Garrison information
- Current commander: Lt. Col. Bob Cuthbertson
- Occupants: 3rd Infantry Division United States Coast Guard 1st Battalion, 75th Ranger Regiment 3rd Battalion, 160th Special Operations Aviation Regiment (Airborne)

Airfield information
- Identifiers: IATA: SVN, ICAO: KSVN, FAA LID: SVN
- Elevation: 12 metres (39 ft) AMSL
Runways
| Direction | Length and surface |
| 10/28 | 3,467 metres (11,375 ft) Asphalt |

= Hunter Army Airfield =

Military airfield near Hinesville, Georgia, US

Hunter Army Airfield , located in Savannah, Georgia, United States, is a military airfield and subordinate installation to Fort Stewart located in Hinesville, Georgia.

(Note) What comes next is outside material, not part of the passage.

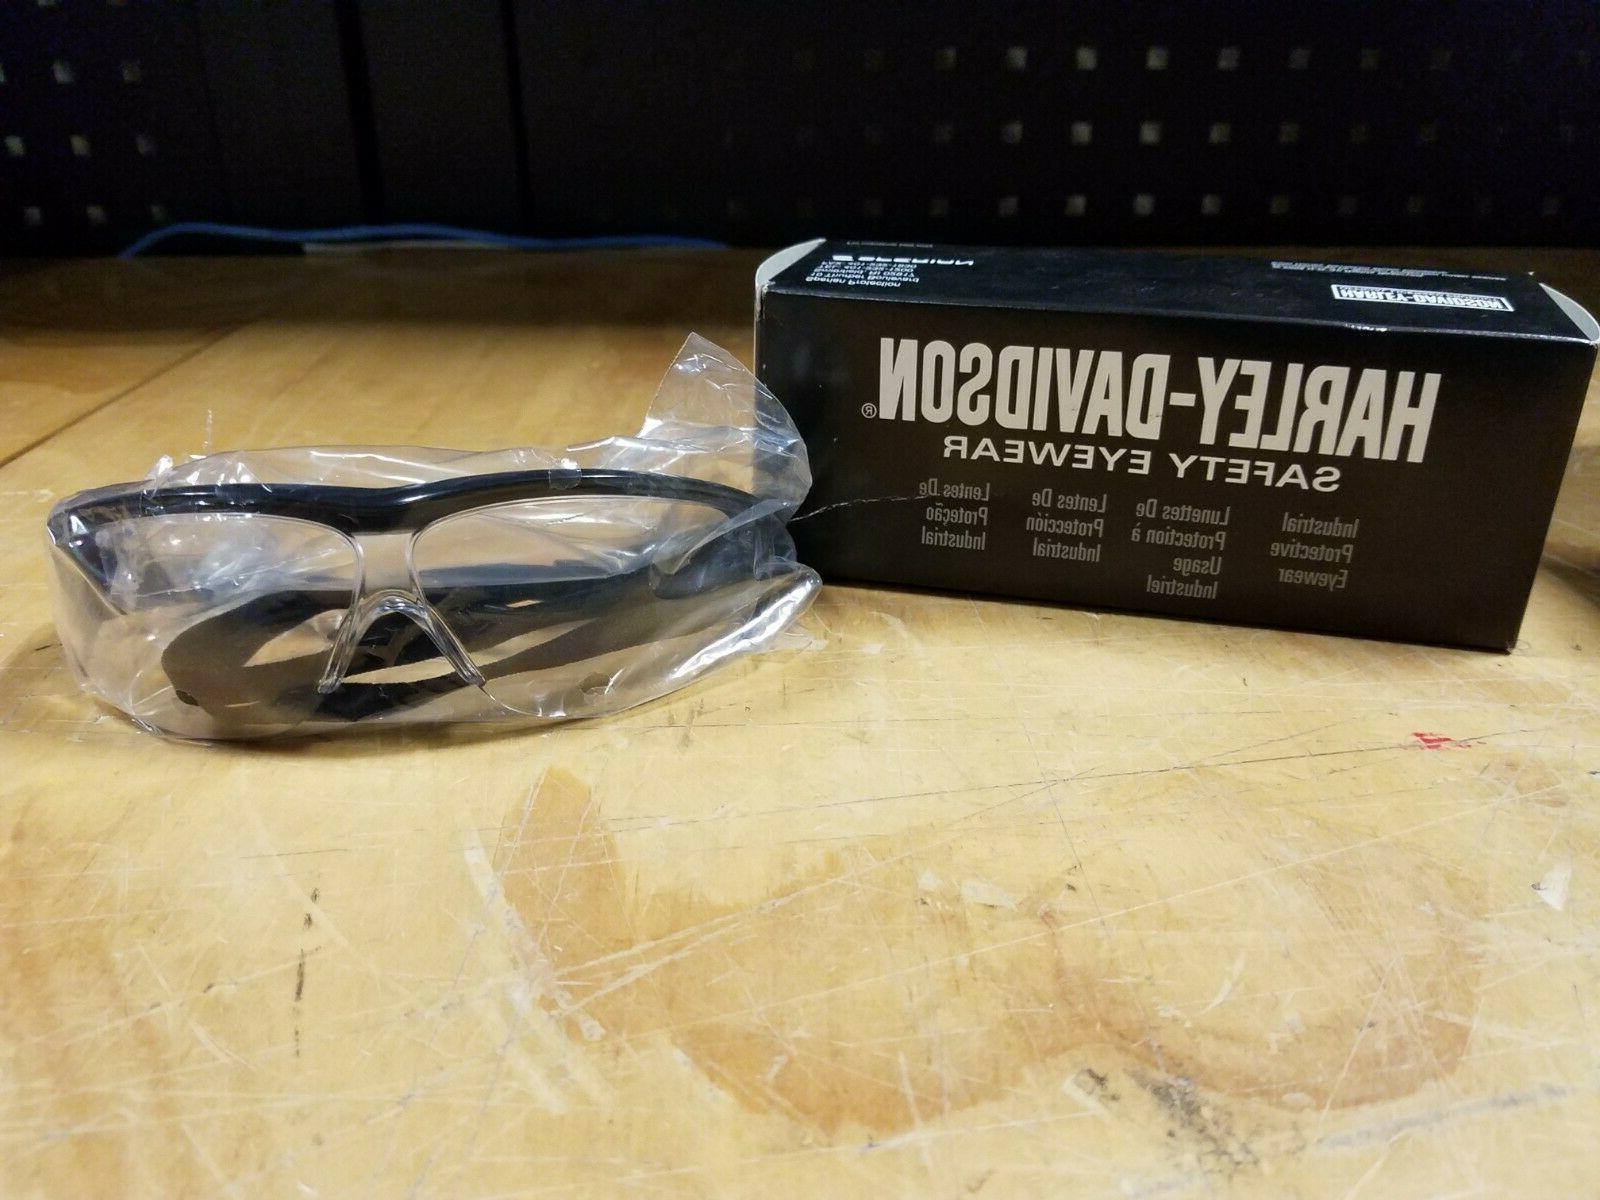 Harley Davidson Lens Scratch-Resistant Glasses - NEW

Hunter features a runway that is 11,375 ft long and an aircraft parking area that is more than 350 acre. The runway and apron, combined with the 72,000 ft2 Arrival/Departure Airfield Control Group (A/DACG) Facility and nearby railhead, allow the 3rd Infantry Division from nearby Fort Stewart to efficiently deploy soldiers and cargo worldwide. NASA identified Hunter as an alternate landing site for the Space Shuttle orbiters.

==Tenants==
Currently, Hunter Army Airfield has approximately 5,500 soldiers, airmen, coast guardsmen and Marines on station. It is home of the aviation units of the 3rd Infantry Division (Mechanized) headquartered at Fort Stewart. There are also a number of non-divisional units assigned to Hunter as well.
- U.S. Army
  - 1st Battalion, 75th Ranger Regiment
  - 3rd Battalion, 160th Special Operations Aviation Regiment (Airborne)
  - 3rd Infantry Division
    - Combat Aviation Brigade (CAB) "Falcon"
    - CAB's HHC "Talons"
    - 2nd Battalion (General Support), 3rd Aviation Regiment (UH-60A/UH-60L/CH-47) "Knighthawk"
    - 4th Battalion (Assault), 3rd Aviation Regiment (UH-60M) "Brawler"
    - 3rd Squadron, 17th Cavalry Regiment (AH-64D/AH-64DW) "Lighthorse"
    - 603rd Aviation Support Battalion (ASB) "Work Horse"
  - 224th Military Intelligence Battalion (Aerial Exploitation)
  - 3rd MP Group (CID), United States Army Criminal Investigation Division
  - Savannah Field Office (Counterintelligence), 308th Military Intelligence Battalion
- U.S. Air Force
  - Operating Location-A, Detachment 3, 18th Weather Squadron (USAF)
  - 15th Air Support Operations Squadron (USAF)
  - 117th Air Control Squadron (USAF / Georgia Air National Guard)
- U.S. Marine Corps
  - Landing Support Company, Combat Logistics Regiment 45 USMC

- Coast Guard Air Station Savannah

Coast Guard Air Station Savannah is also located on Hunter Army Airfield. Equipped with Eurocopter MH-65 Dolphin helicopters, Air Station Savannah provides the Savannah area, Coastal Georgia and South Carolina with round-the-clock search and rescue coverage of the area, to include both inland waters and off shore areas. They also provide security to the shores and borders with specialized Coast Guard sniper units.

==History==

=== Origins ===
In 1929, the General Aviation Committee of the Savannah City Council recommended that the 730 acre Belmont Tract, belonging to J. C. Lewis, be accepted by the council as the future site of the Savannah Municipal Airport. The cost of the land was $35,000. By September 1929, the runway and several buildings were ready and the city officially opened the new facility, known as Savannah Municipal Airport.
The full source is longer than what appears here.